Various types of brain surgery have been tried, and continue to be used for intractable parkinsonism that cannot be controlled with medication. Although this is a radical step, it leaves the intellect intact and is better than complete incapacitation.
- Thalomotomy – Stereotaxic surgery (surgery through a small hole in the skull, using CT guidance for instrumentation) that destroys a part of the thalamus, performed in order to control tremors.
- Pallidotomy – Stereotaxic surgery that destroys a part of the basal ganglia known as the globus pallidus; performed in order to control abnormal movement (dyskinesia).

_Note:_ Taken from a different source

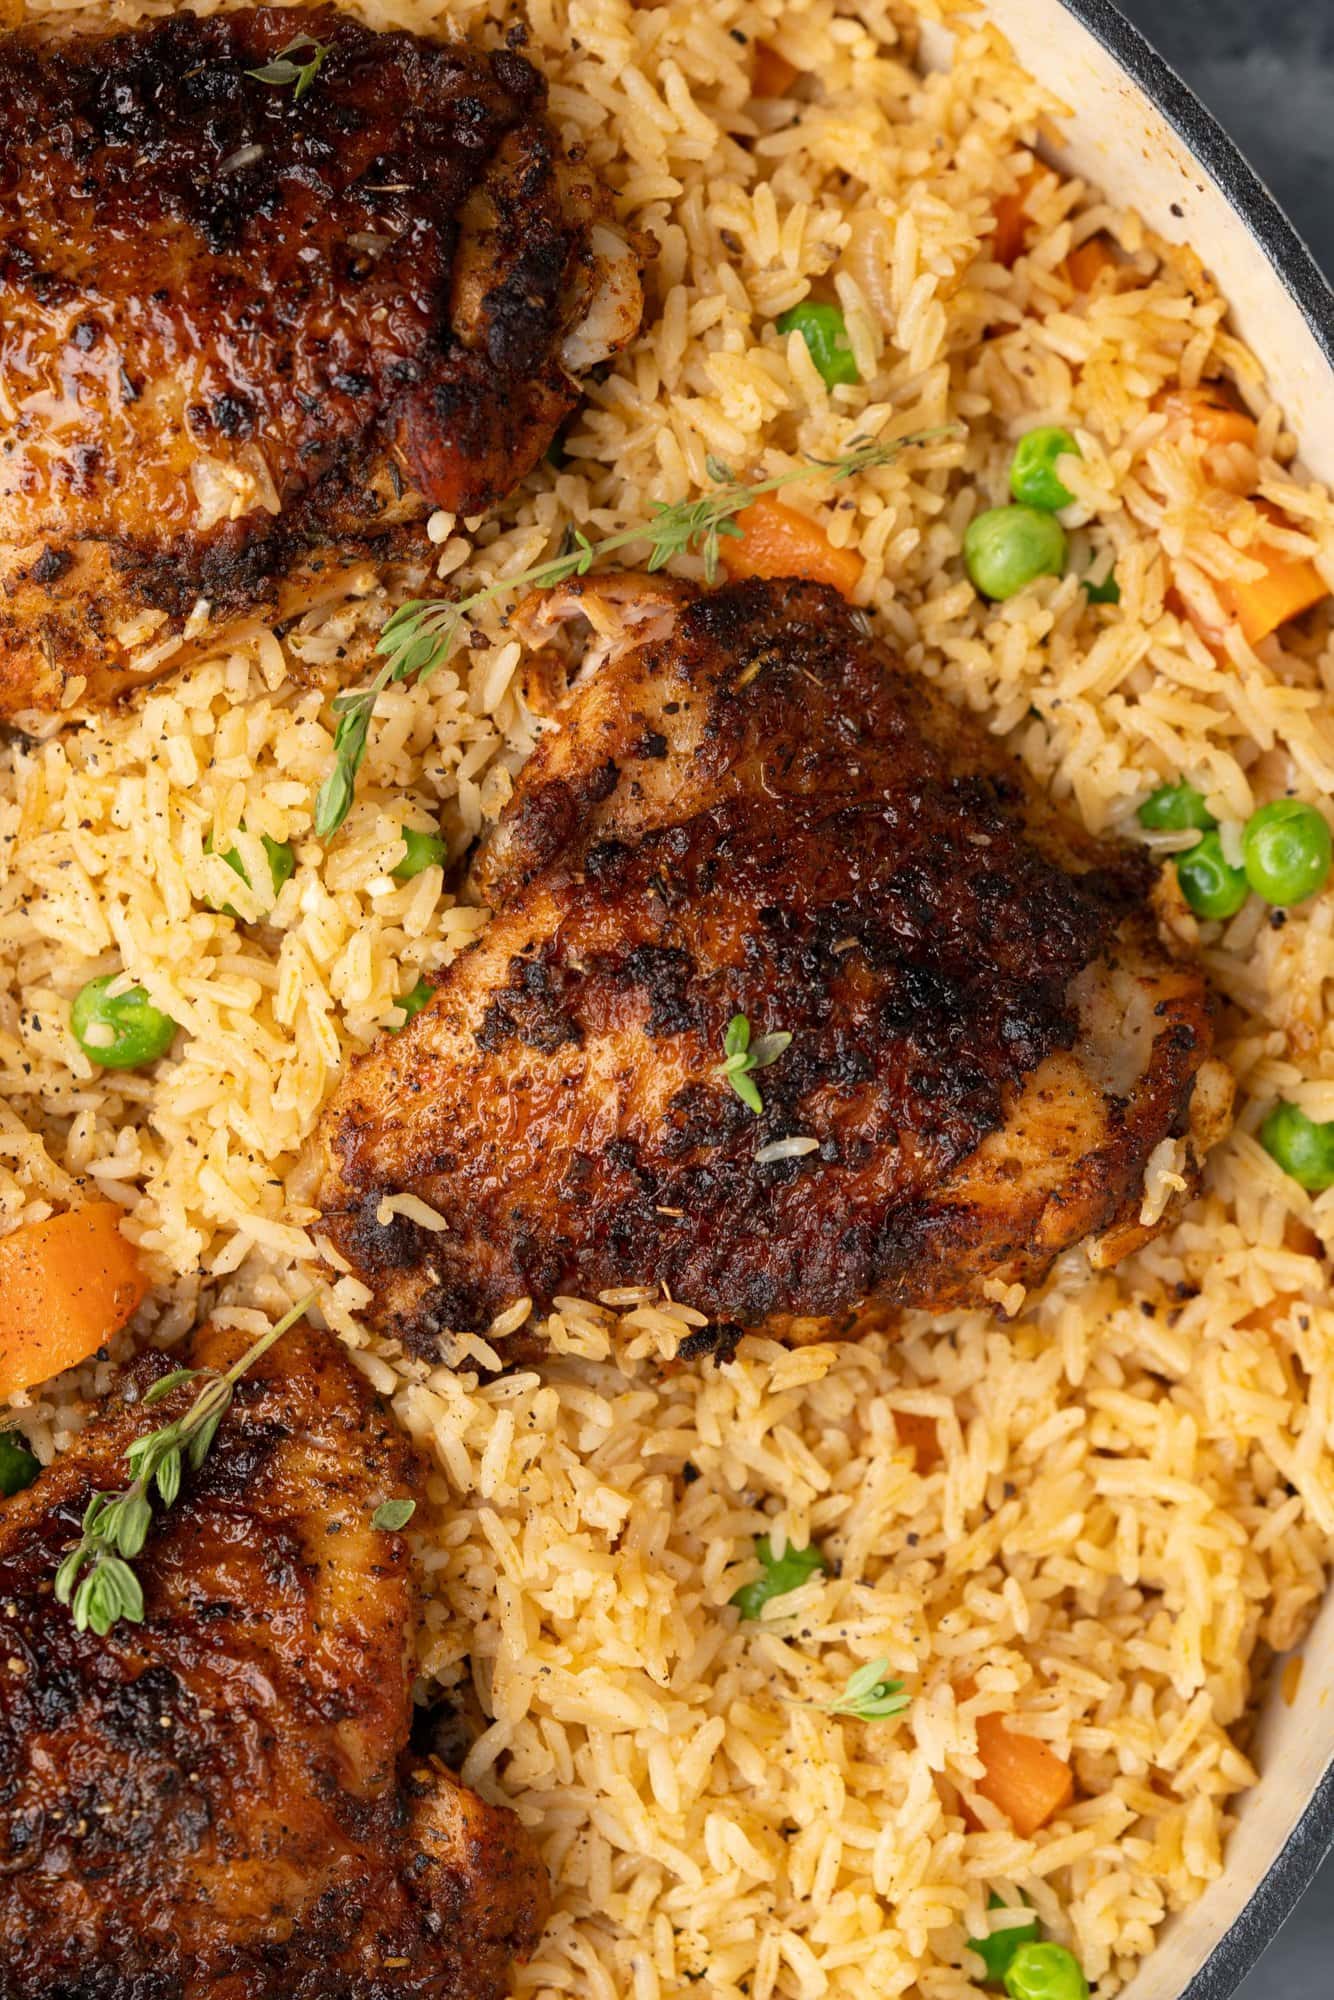 Image shows crispy chicken thigh baked along with flavored rice, with green peas and carrots.

- Brain tissue transplantation – Insertion of human or animal fetal brain tissue into the area of the patient’s damaged basal ganglia, in the hope the new cells will produce dopamine.
- Deep brain stimulation – Permanent brain electrodes are placed, and electrical impulses delivered to control tremor (thalamus) or dyskinesia and stiffness (globus pallidus).
- Radiosurgery – Uses a linear accelerator or “gamma knife” to put precise beams of radiation on deep brain structures that cannot be reached by conventional brain surgery. Although this technique has been a useful technique for treating brain tumors, it has not produced encouraging results in the treatment of parkinsonism.